Internet Voting in Geneva
Etopia Media Voting News
Geneva, Switzerland
December 9, 2004
By Marc Strassman
Reporter
With the demise in early February, 2004, of the Pentagon's Secure Electronic Registration and Voting System (SERVE), the new legal requirement that the Election Assistance Commission (EAC) create Remote Internet Voting System Standards (RIVSS) before the Defense Department can conduct any Internet voting, and the failure of the EAC to move forward to create these standards, the development of a system for secure remote Internet voting has reached a dead-end in the United States.
But "democracy" is not necessarily the same thing as the political culture of the United States, and, both as an ideal and a practical reality, it is not limited to what is being done, or not being done, in that country to foster it.
Long a bastion of democracy and the flagship municipality of humanitarianism, Geneva, Switzerland is also the home of CERN (Organisation Europ?enne pour la Recherche Nucl?aire/ European Organization for Nuclear Research), where the World Wide Web was born. Drawing on, combining, and extending these separate threads, Geneva has now taken the lead in the development of a modern, secure, technodemocratic solution to ascertaining the collective popular will over the Internet.
Driven by the political needs of the State of Geneva and implemented through the cooperation of an indigenous start-up company and the transnational technogiant Hewlett-Packard, the citizens of this Swiss state have already been able to use the most modern of technologies to exercise their most ancient democratic rights.
You can read about this development in the article "E-business moves to elections," by Dan Blacharski, in ITworld.com.
As reported in that article, this new and innovative system for collecting ballots on line was developed through the combined efforts of the state government of Geneva, the local/global company WISeKey, and the Swiss component of the world-wide operations of Palo Alto, California-based Hewlett-Packard.
Etopia Media Voting News (EMVN) was able to contact and remotely and asynchronously interview Michel Chevallier, Secr?taire adjoint, Chancellerie d'Etat, Geneva, on the subject of that jurisdiction's use of the latest in secure, remote Internet voting systems. The responses of Mr. Chevallier are featured below in bold text.
In a subsequent asynchronous interview, EMVN was also able to get some answers about the Geneva State e-voting system from officials at HP Switzerland. The HP responses, featured below in italic text, were provided jointly by Jean-Max Arbez, GM HP Suisse Romande (or "General Manager of HP Switzerland, for the French speaking regions of the country") and Maryse Rebillot, HP Switzerland PR manager and communications lead for the Geneva State e-voting project.

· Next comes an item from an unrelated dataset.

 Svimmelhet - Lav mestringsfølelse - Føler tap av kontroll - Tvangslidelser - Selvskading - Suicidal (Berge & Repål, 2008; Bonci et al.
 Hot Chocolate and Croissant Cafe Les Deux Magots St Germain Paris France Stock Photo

The comments of Mr. Chevallier in this interview make it clear that the main differences between the Swiss context for Internet voting and the American one is that the Swiss seem to trust each other a lot more than Americans these days do and that the structure of official Swiss data collection and control lends itself more readily to the identification protocols used in their remote Internet voting system.
Importing a version of the system now in use in this eurodemocracy into the United States might require either or both more mutual trust and more suitable public data policies. It's even possible that the institution of a sufficiently-robust public data architecture could in itself contribute significantly to the creation of a level of public trust sufficient to support remote Internet voting in the United States.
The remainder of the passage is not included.